What the task asks>
Leaving the pictures aside, repeat every line below exactly.

Data section>
━━━━

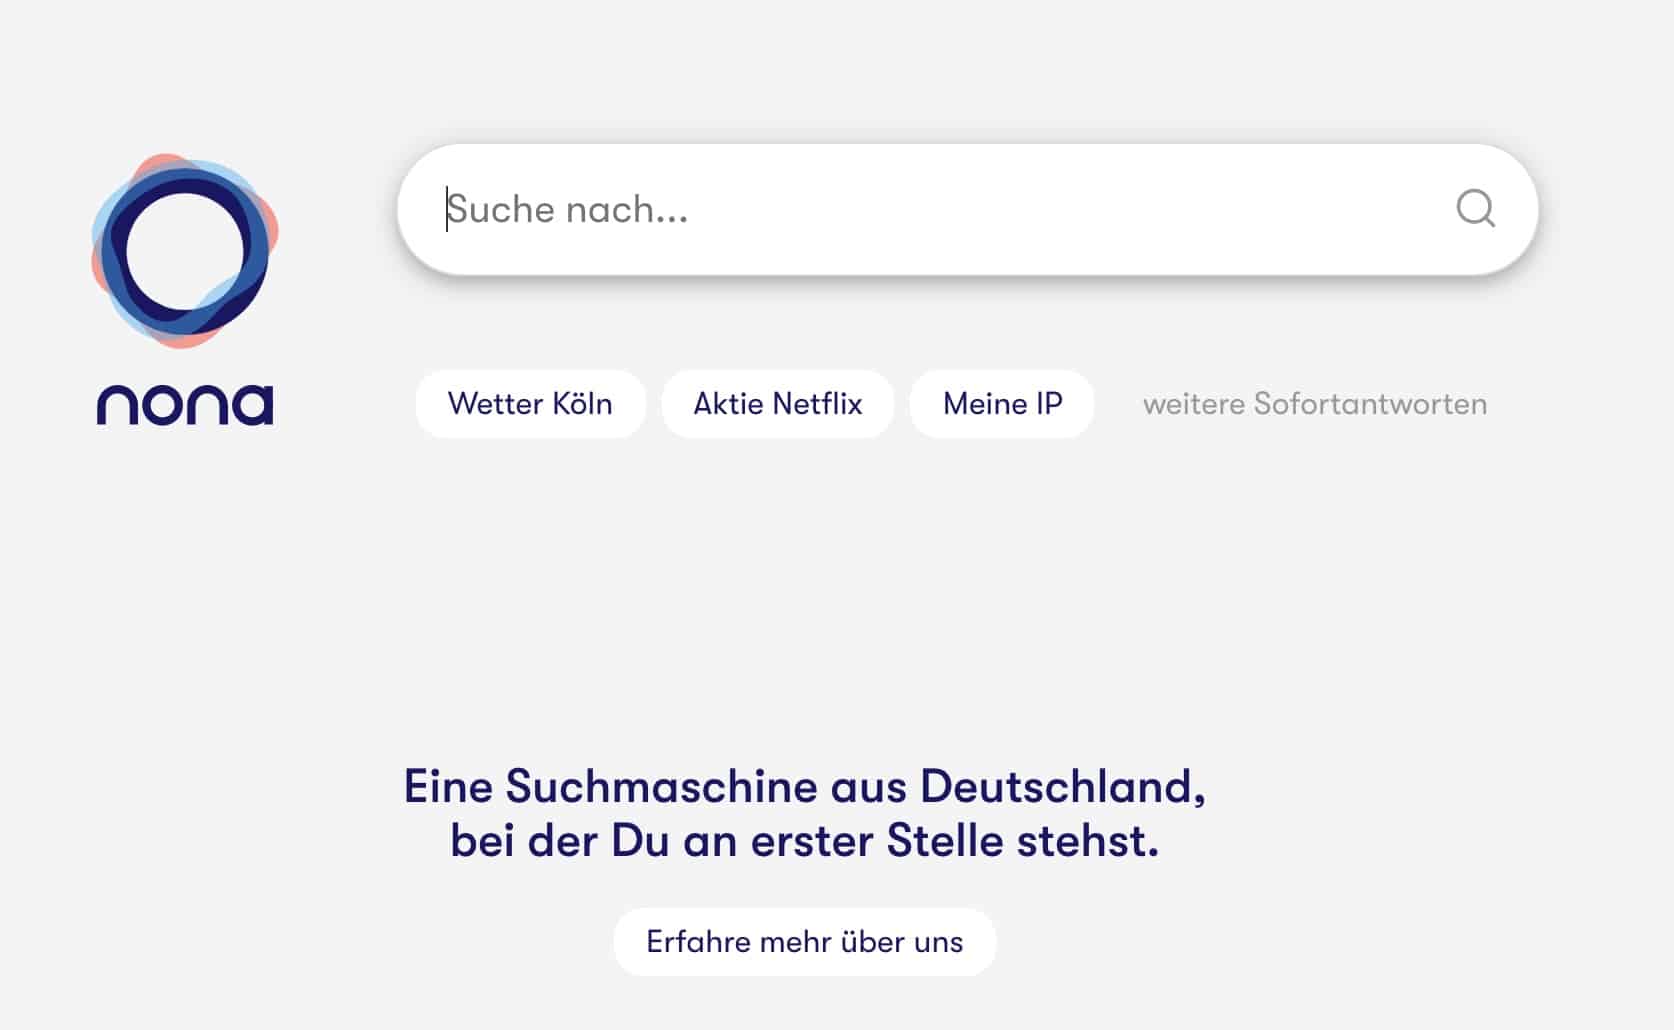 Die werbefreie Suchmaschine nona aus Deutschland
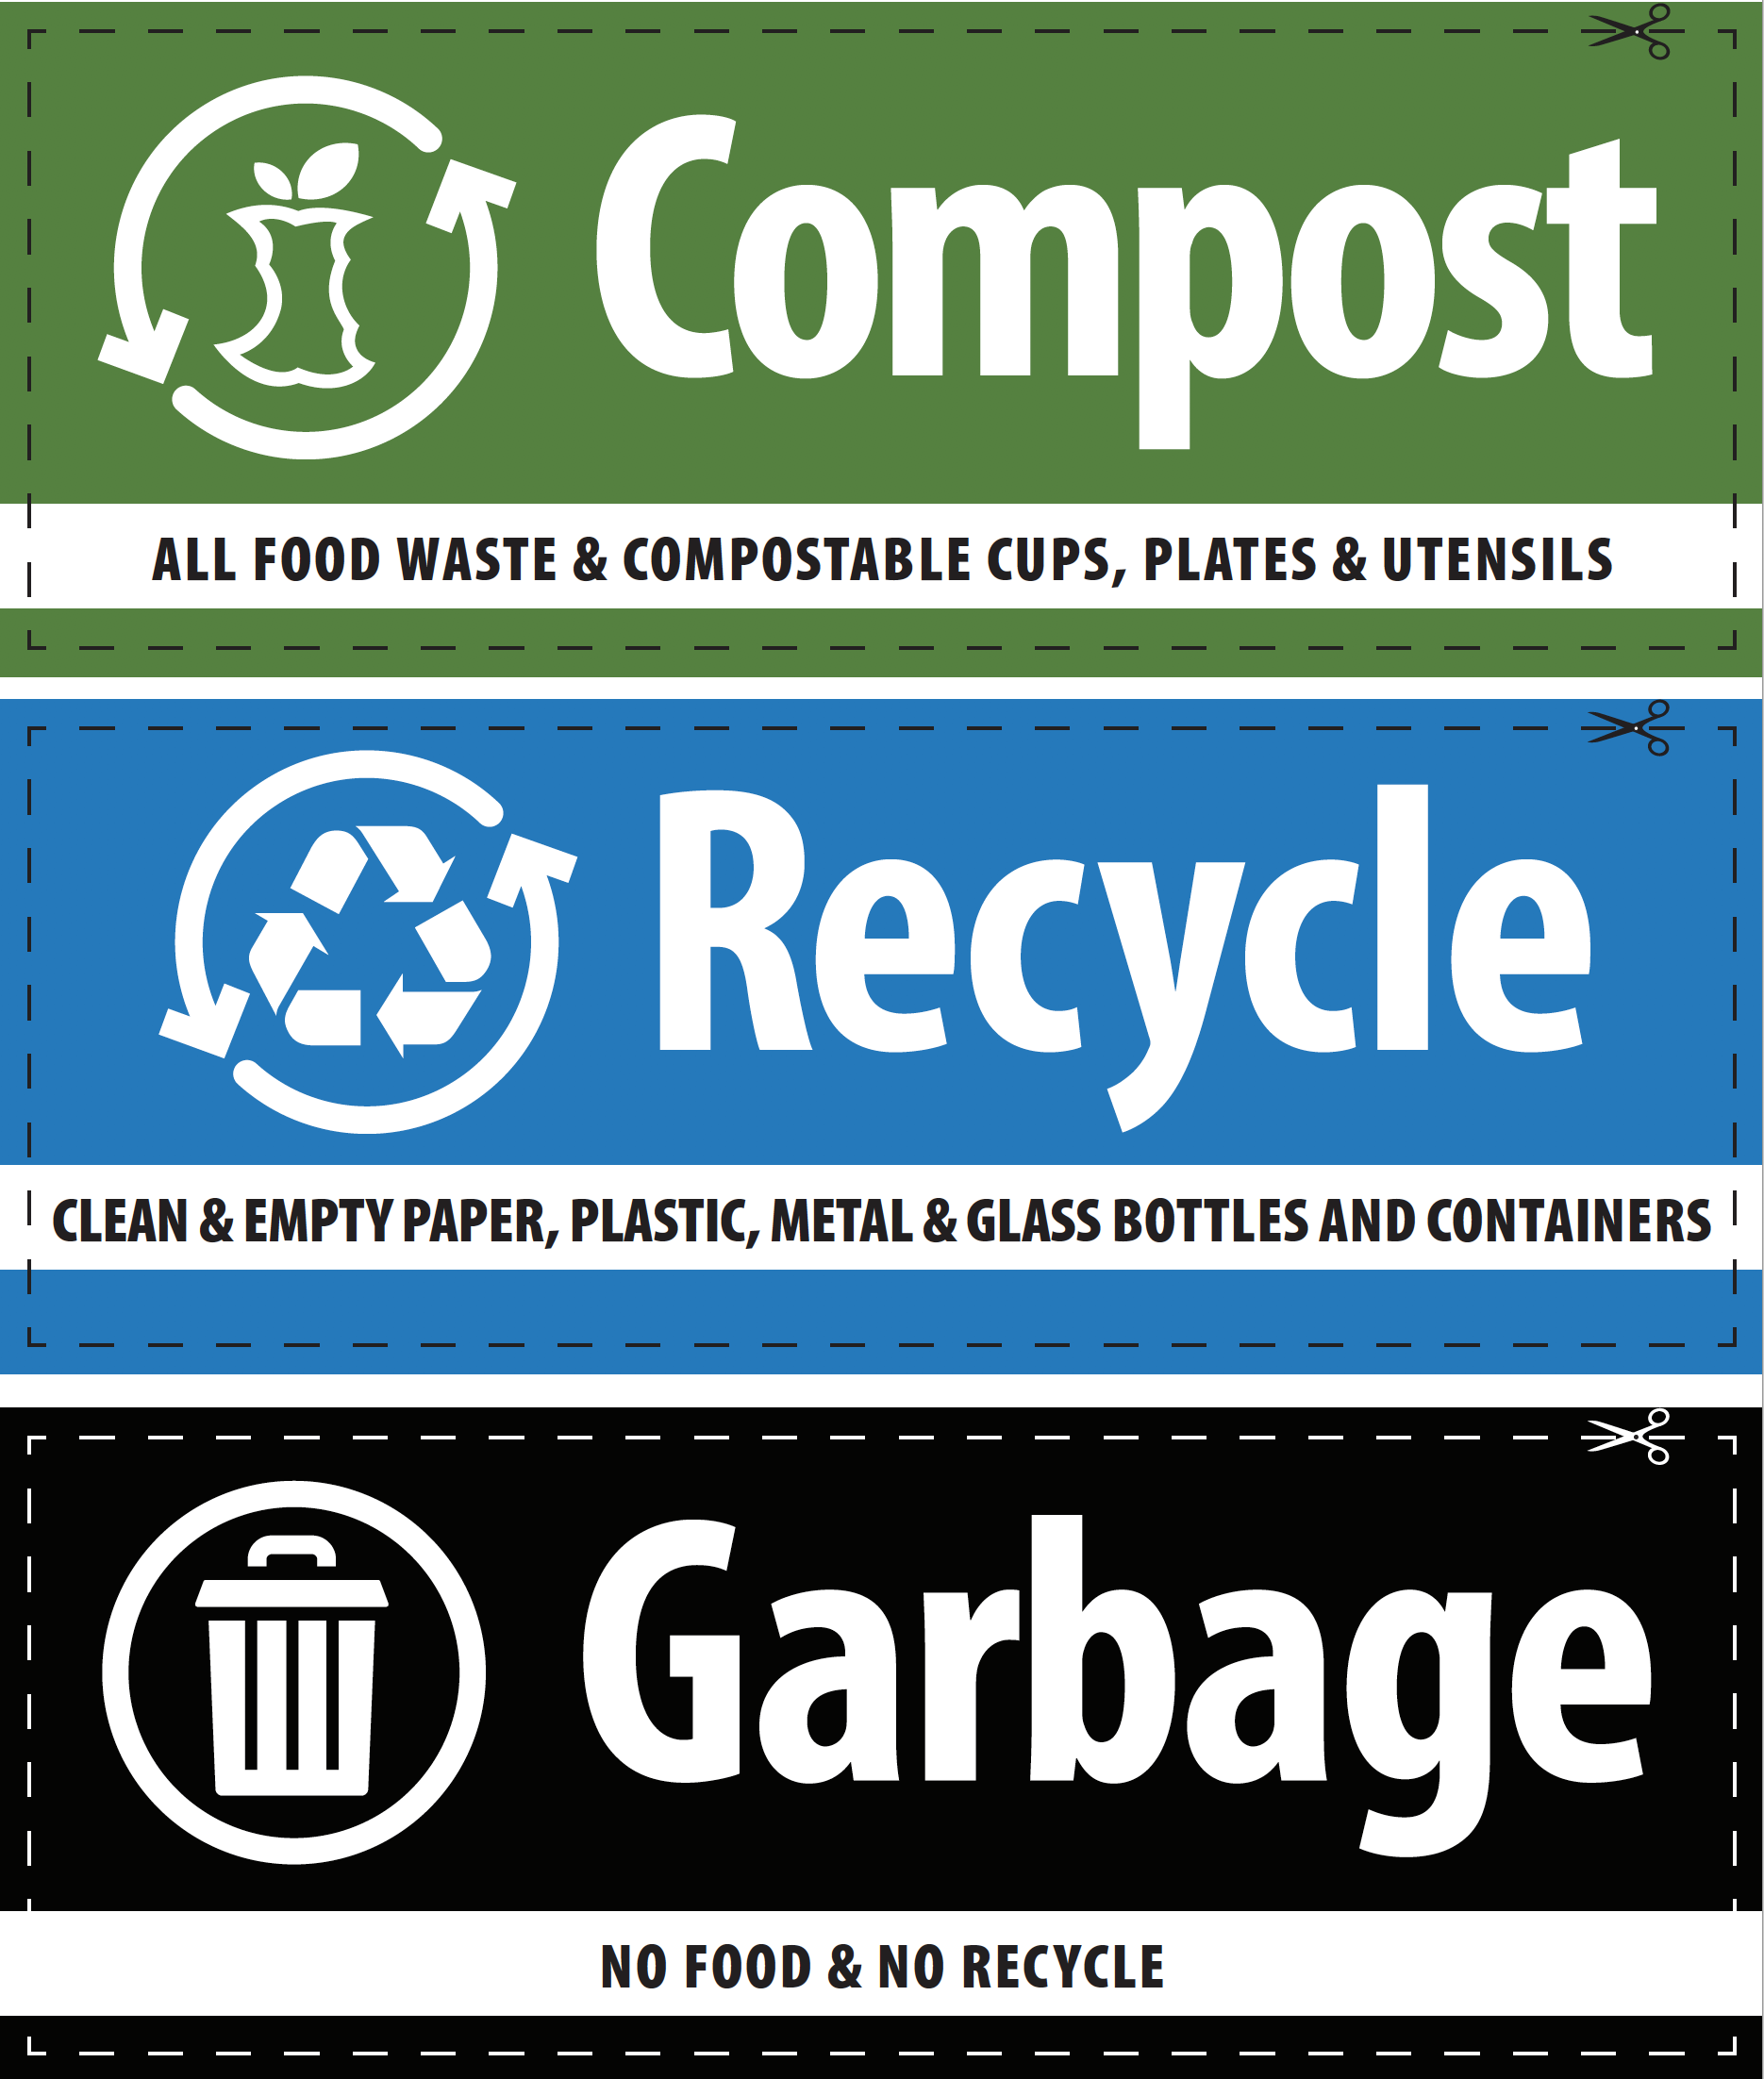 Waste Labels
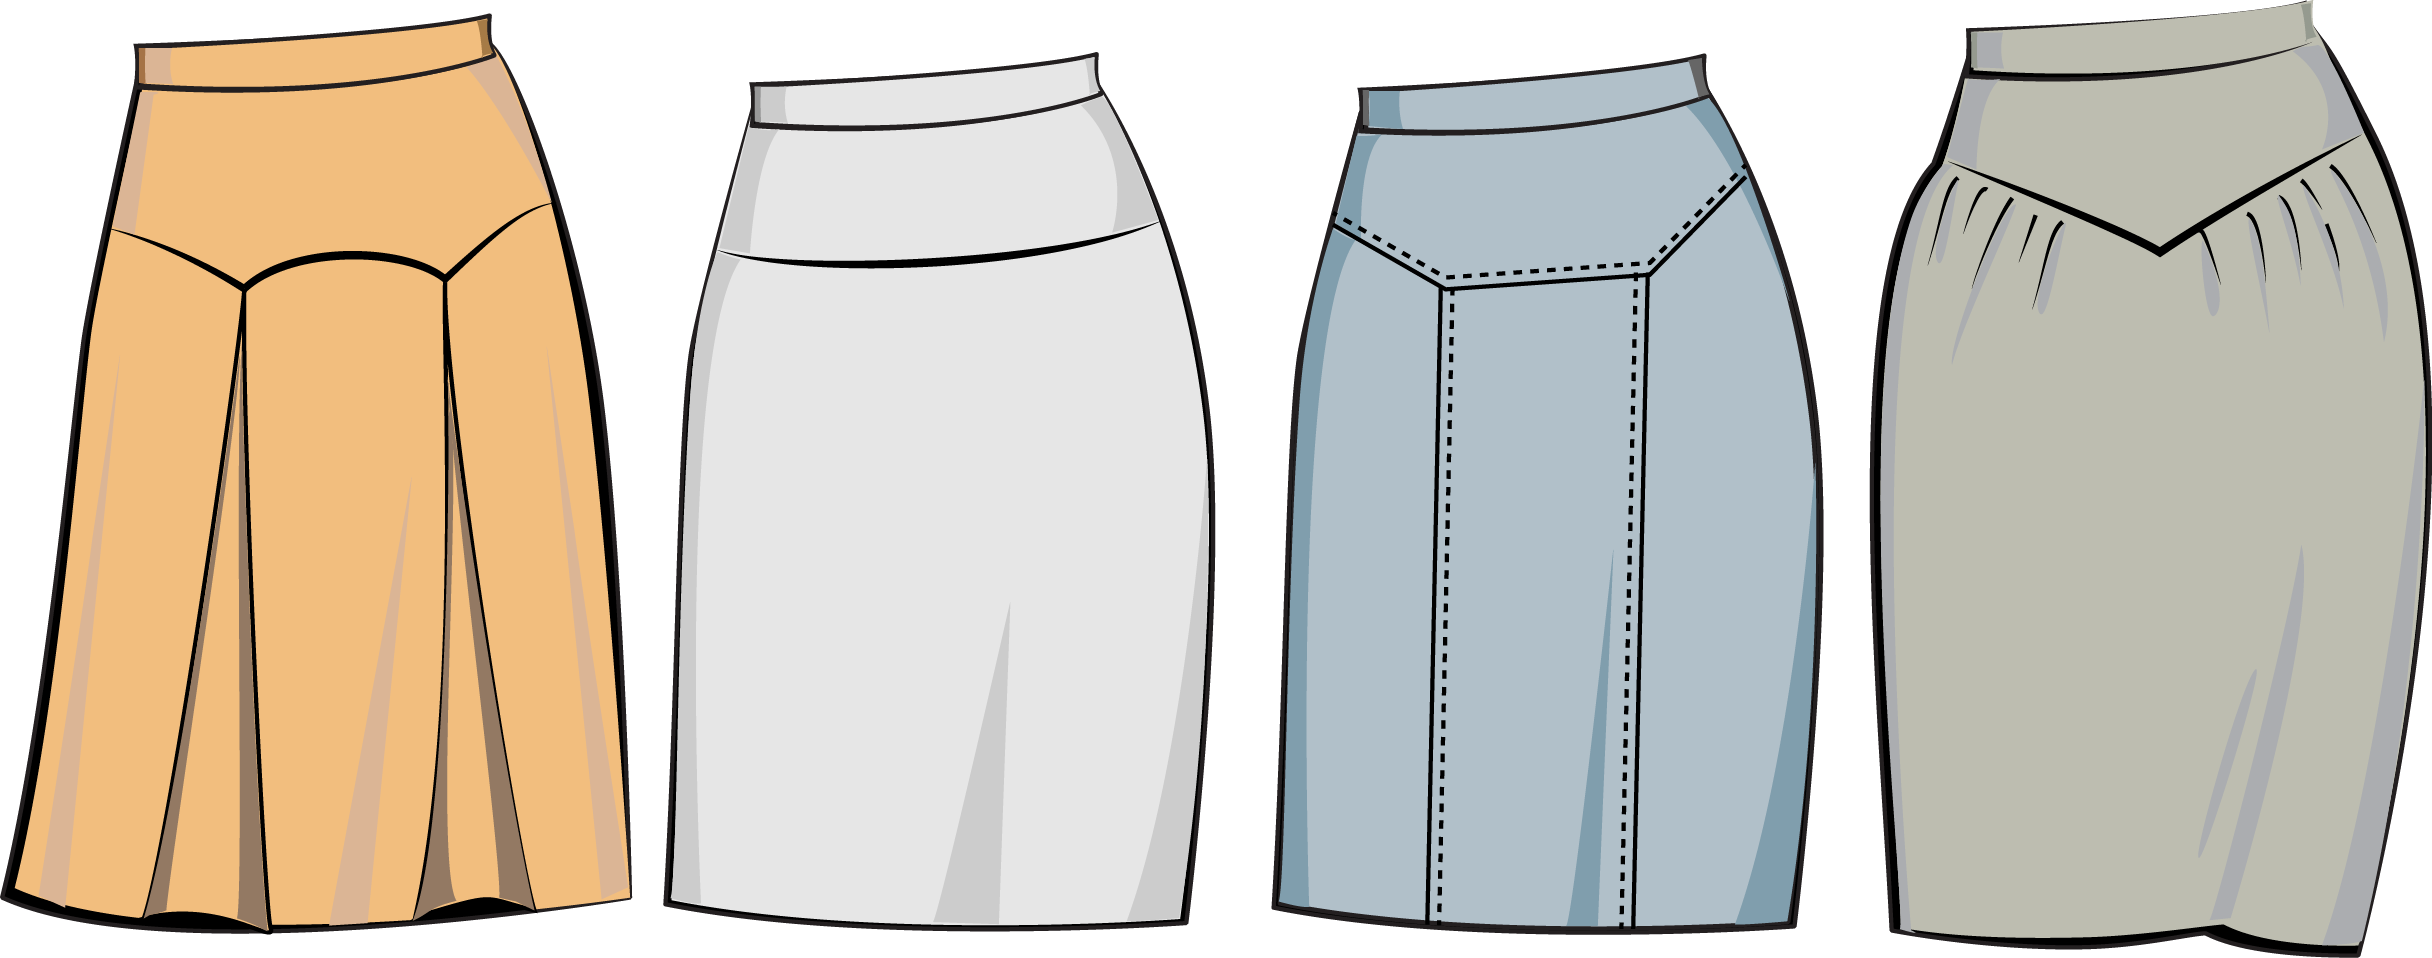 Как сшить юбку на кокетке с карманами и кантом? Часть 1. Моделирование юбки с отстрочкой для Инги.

━━━━

Task response>
 Die werbefreie Suchmaschine nona aus Deutschland
 Waste Labels
 Как сшить юбку на кокетке с карманами и кантом? Часть 1. Моделирование юбки с отстрочкой для Инги.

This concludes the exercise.